Under what circumstances can an extern variable be used in definition?

Question

I am very very sorry. I didn\'t know my incomplete code attachment would create such a mess. I am very glad to see so many sincere helps.

This code will compile:

Answer 1

extern int main_stat=-3;  

declares and defines main_stat, While:

extern int main_stat;      

just declares the variable main_stat.

You can have as many declarations as you want but you can have only one Definition.

The keyword extern, indicates External Linkage. Without it main_stat would be static and have Internal linkage and you cannot not use main_stat from another translation unit.

Is storage allocated in the stack frame of myadd ?

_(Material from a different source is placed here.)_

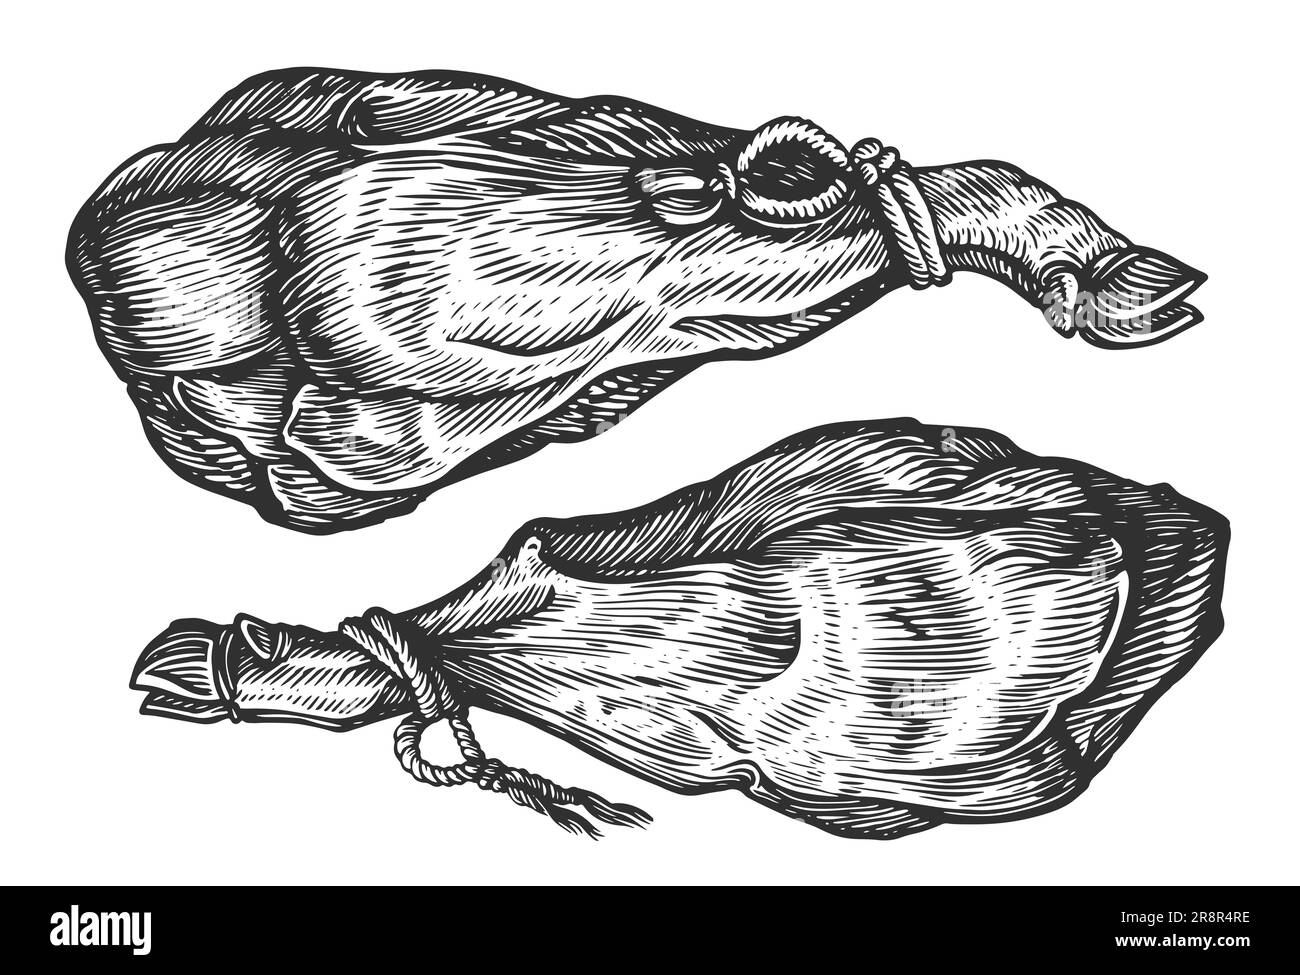 Intera gamba di prosciutto iberico spagnolo con corda. Carne secca, illustrazione di schizzo di cibo di fattoria Foto Stock
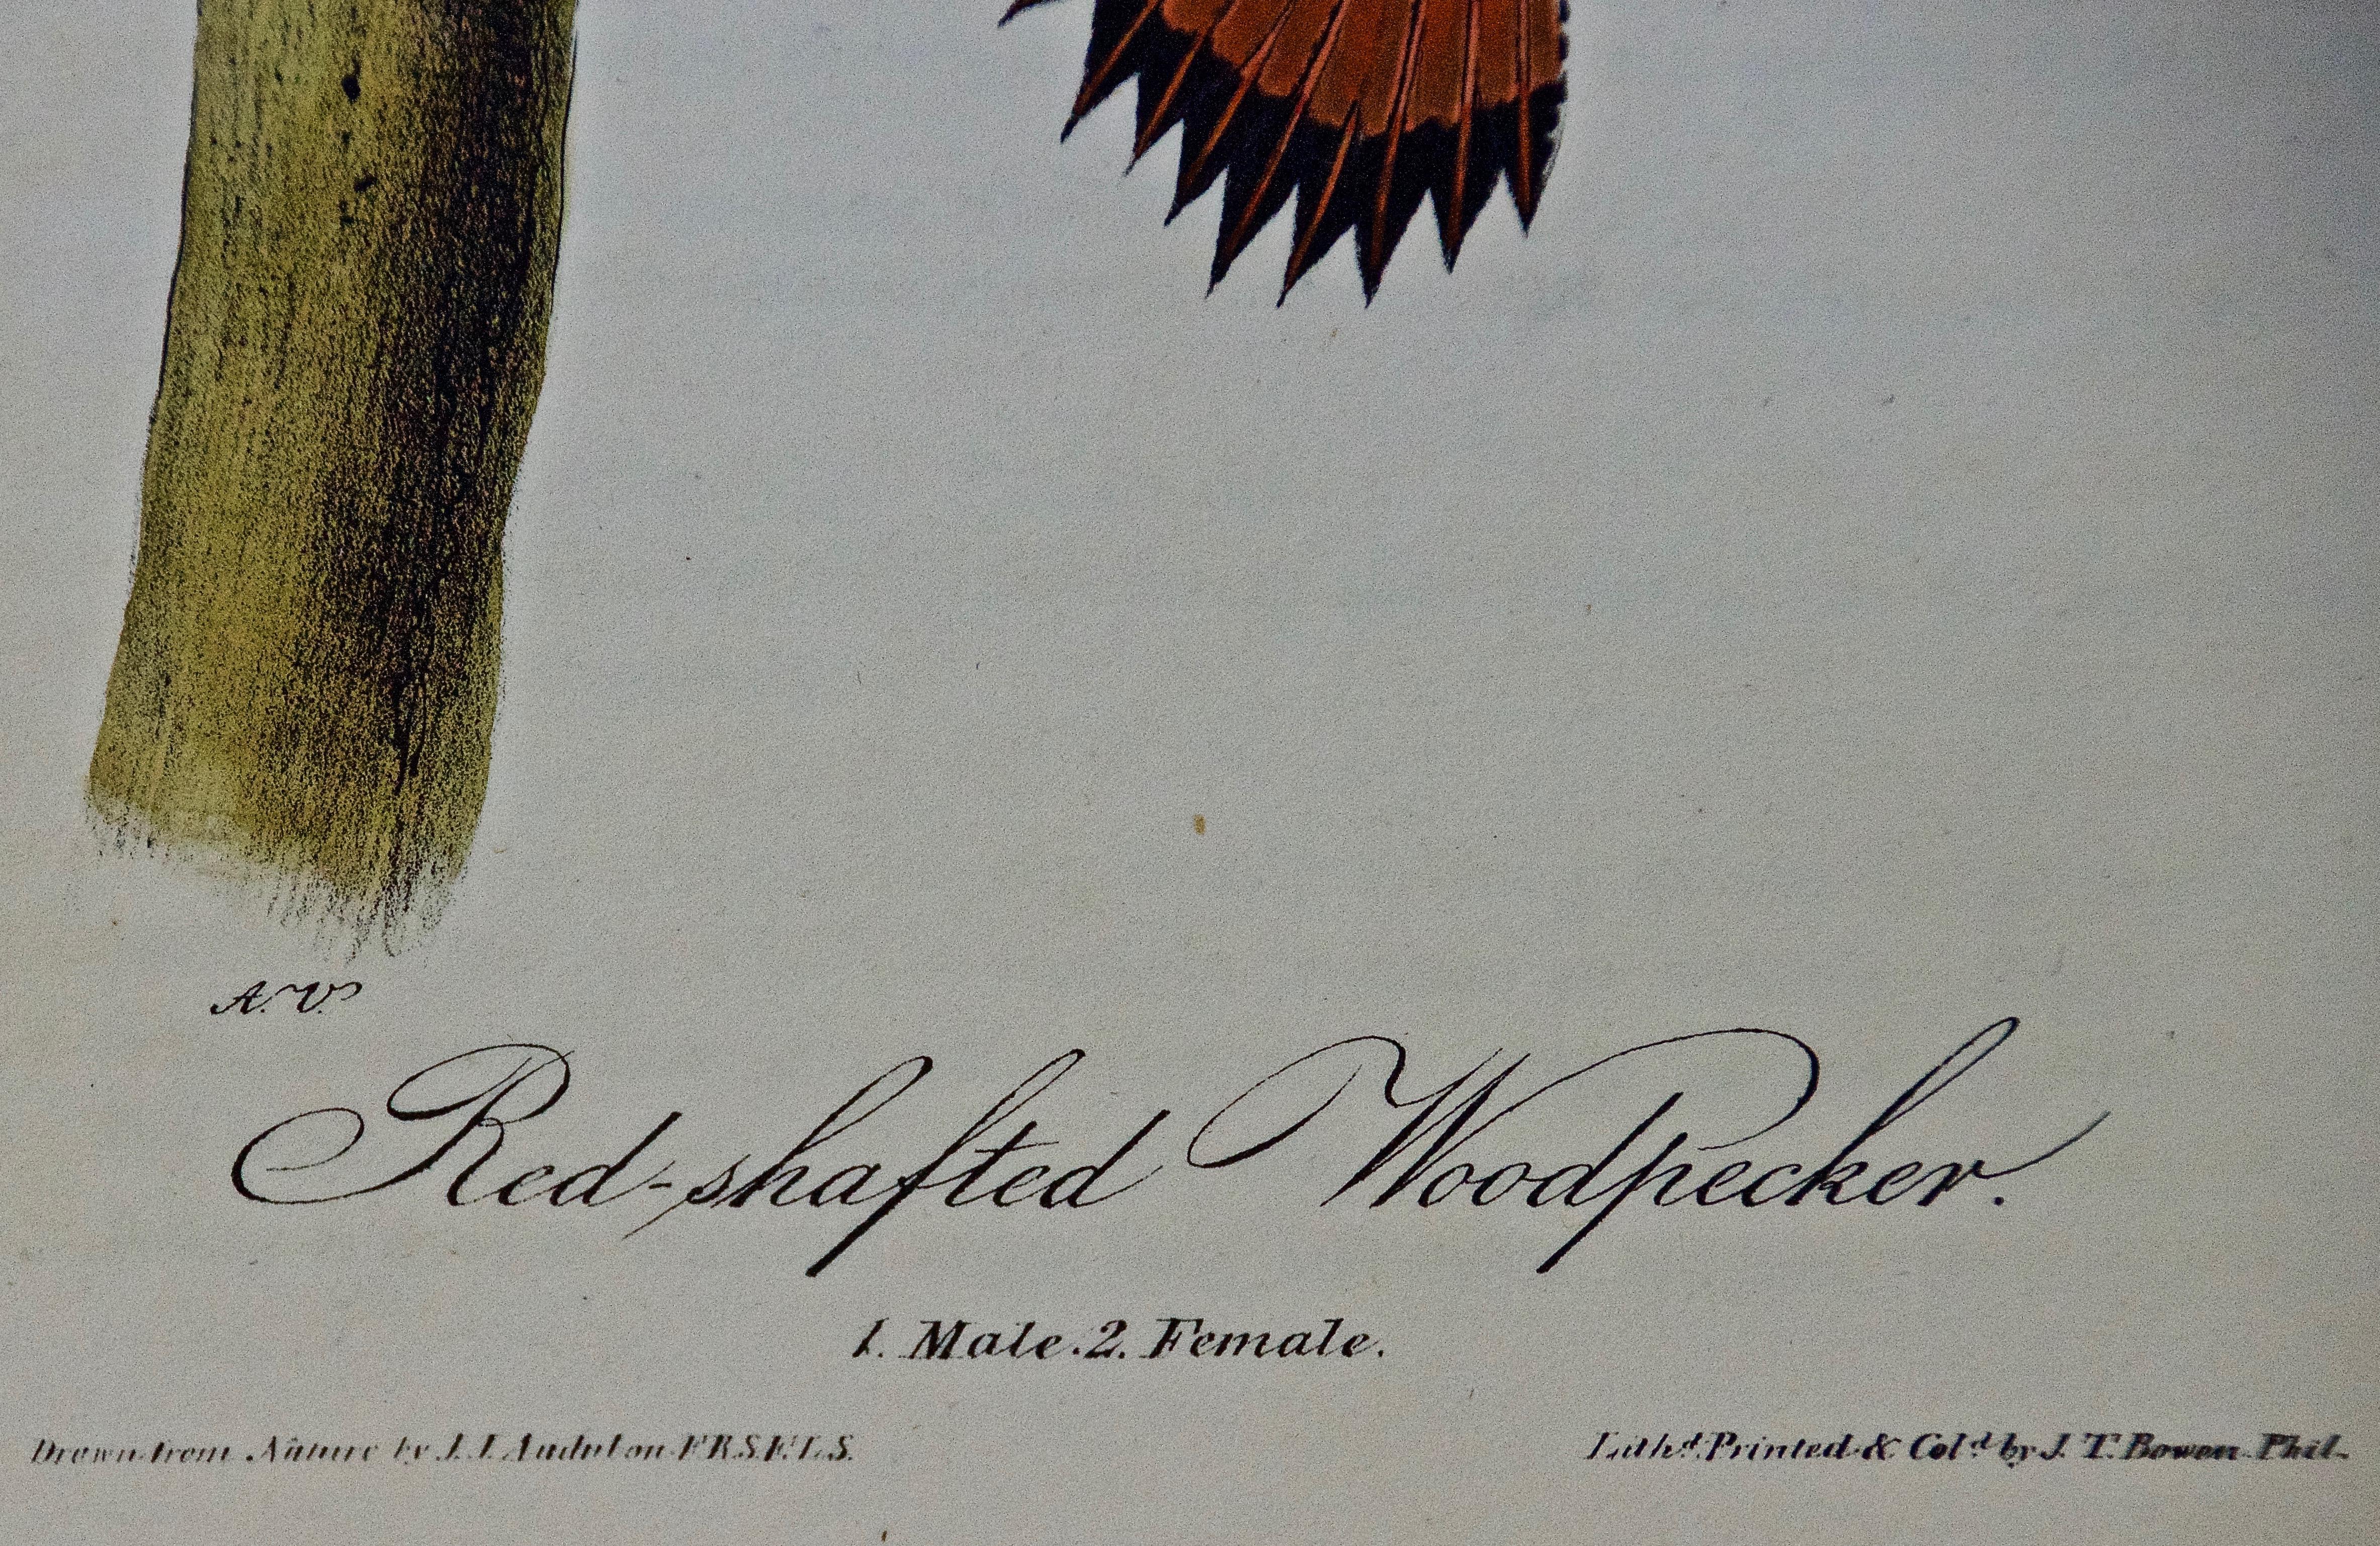 Dies ist ein Original John James Audubon handkolorierte königliche erste Oktav-Ausgabe Lithographie mit dem Titel

No definitely not on the stackframe of add.
Where the memory is allocated is implementation defined but you have the assurance that the object will be alive throughout the duration of the program.

Answer 2

First, according to your comment, the file containing the main function has the definition static int main_stat = 10;. You should be aware that this is not the same variable as you defined in the file containing myadd because as static variable its scope is restricted to that file. Indeed, thanks to that static variable with the same name, main is not able to access the variable you defined in this file.

But that doesn't mean that either variable was created on the stack. Both are separate global variables, it's just that the variable main_stat in the file containing main (I'll call that file main file for short, and this one myadd file) is not available in any other file, while the variable main_stat you defined here can be accessed from any file which contains the declaration extern main_stat; (note: without initializer!). The main file cannot contain this declaration, however, because it would conflict with the static variable of the same name.

Note that giving an initializer makes your declaration of the variable a definition, that is, it's the same as if you had omitted the extern (note however that if a variable is declared constant, the extern may not be omitted because constants are by default static). The only global extern declarations which are not also definitions are those with extern, but without initializer.

Answer 3

All variable declarations with an initializer are also definitions; that's an overriding rule. Regardless of extern. There are even cases where you need an extern on a definition: you can only instantiate a template using a variable which has external linkage. And const variables have internal linkage by default, so you need something like:

extern int const i = 42;

if you want to use it to instantiate a template<int const*>.

Answer 4

The following is a declaration and definition:

int x;

Adding extern says "make it a declaration only, please".

But when you are providing a value, the line has to be a definition, so the variable gets extern storage class and you just happen to be defining it right in place anyway:

extern int x = 3;

The linkage semantics are as they usually are for extern, and the storage location is just as it would be for a normal definition int x = 3 — i.e. in that TU at namespace scope. myadd is not relevant at all.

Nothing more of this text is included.